● **EXERCISE PROMPT**
Look through the data below and extract, unchanged, the lines from the one that contains "Lancia_Ypsilon_Hybrid_EcoChic_0017" to the one that contains "self-portrait Midi Wrap Dress", both included.
MATERIAL TO PROCESS Start Marker
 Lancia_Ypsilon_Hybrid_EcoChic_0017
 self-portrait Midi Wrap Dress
MATERIAL TO PROCESS End Marker
MATERIAL TO PROCESS Start Marker
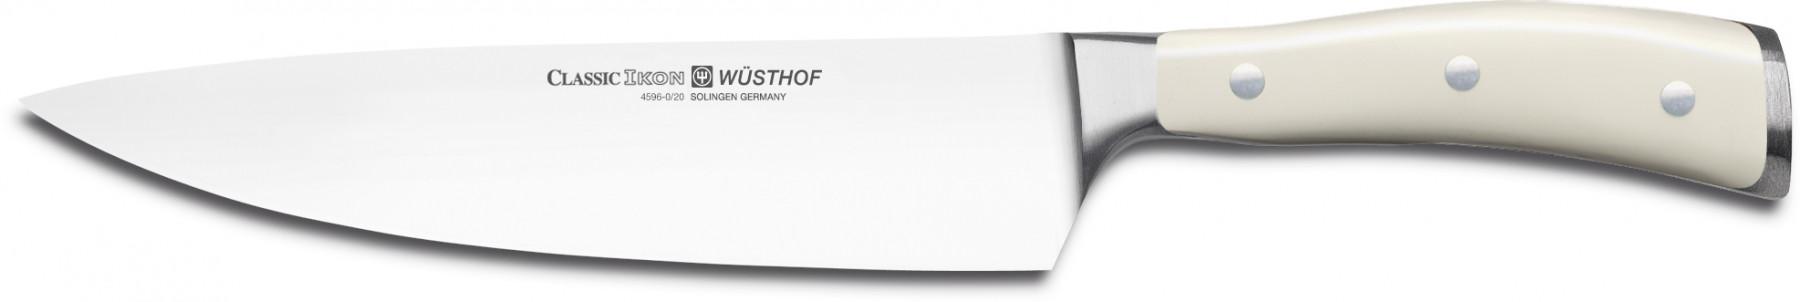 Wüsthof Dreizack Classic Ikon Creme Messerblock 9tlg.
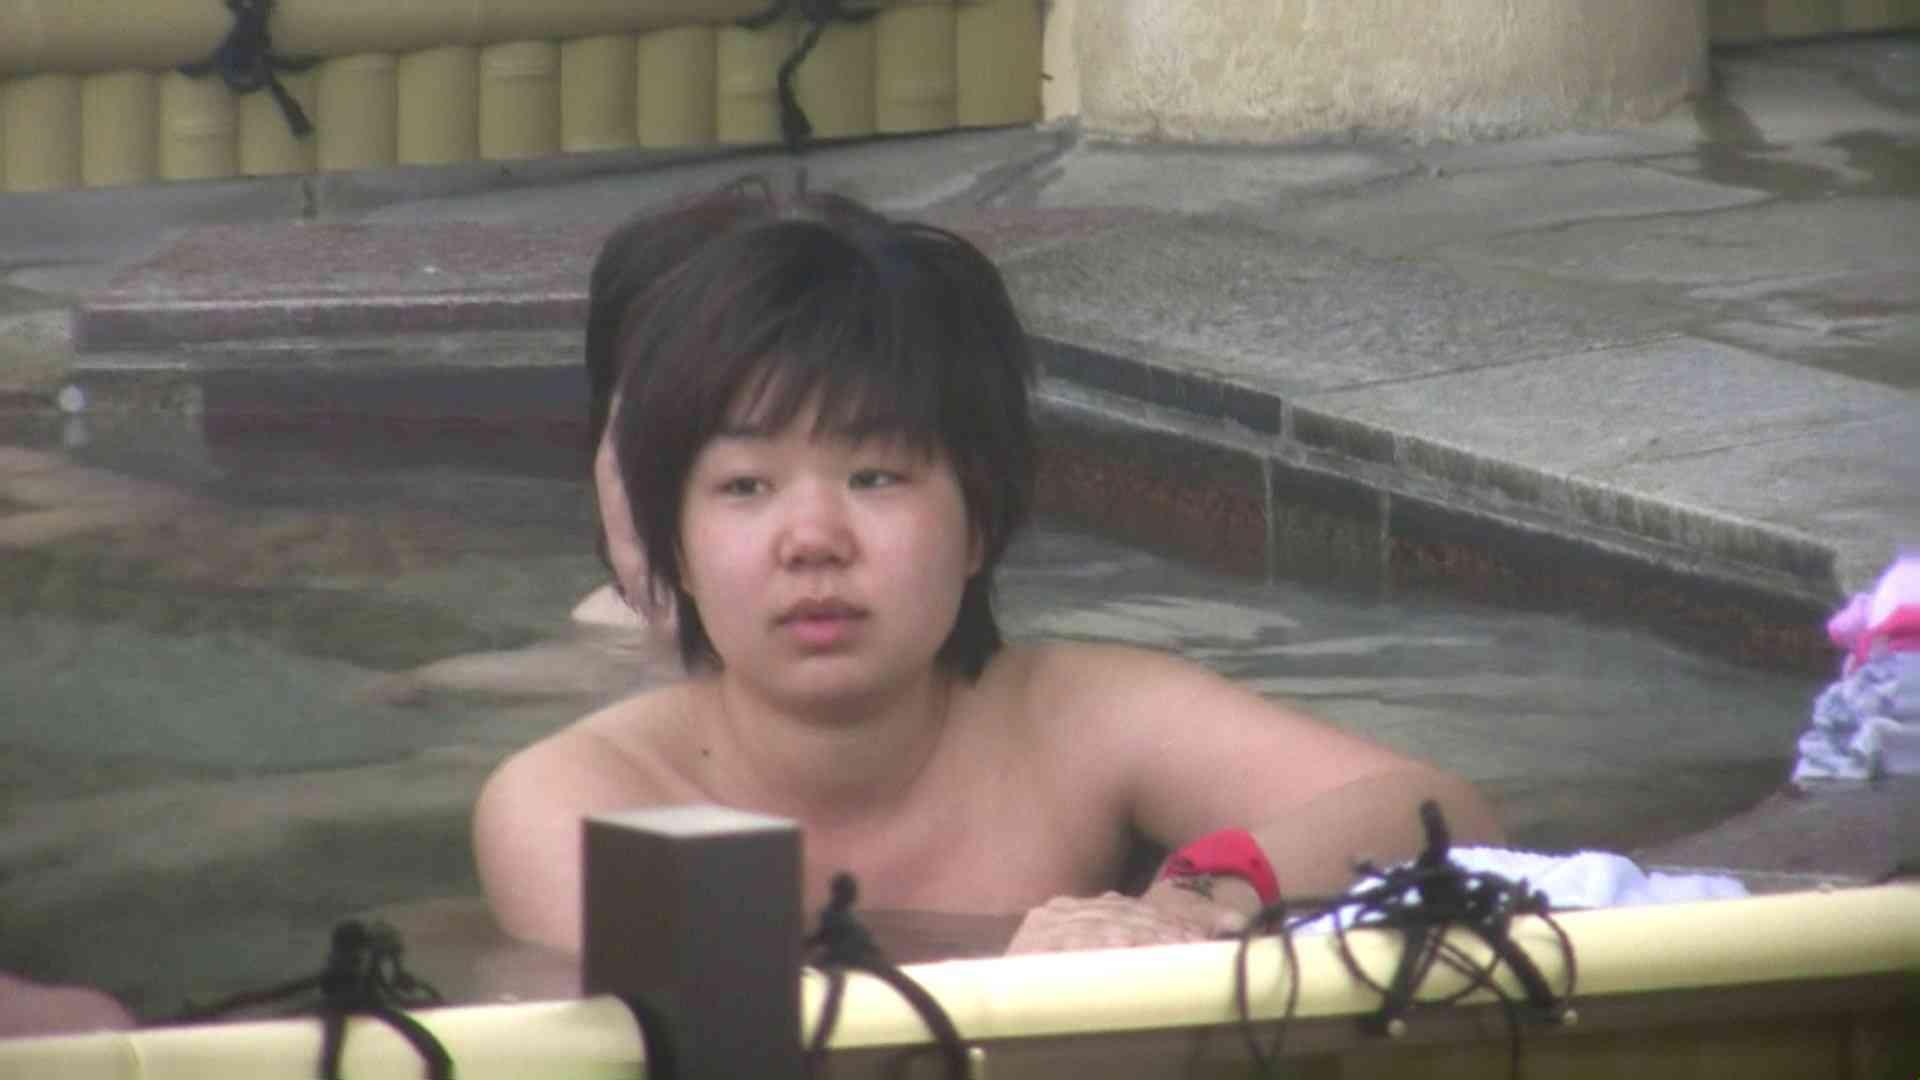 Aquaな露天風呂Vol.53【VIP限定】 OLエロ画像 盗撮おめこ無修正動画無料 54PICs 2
MATERIAL TO PROCESS End Marker
● **RESPONSE AREA**
 Lancia_Ypsilon_Hybrid_EcoChic_0017
 self-portrait Midi Wrap Dress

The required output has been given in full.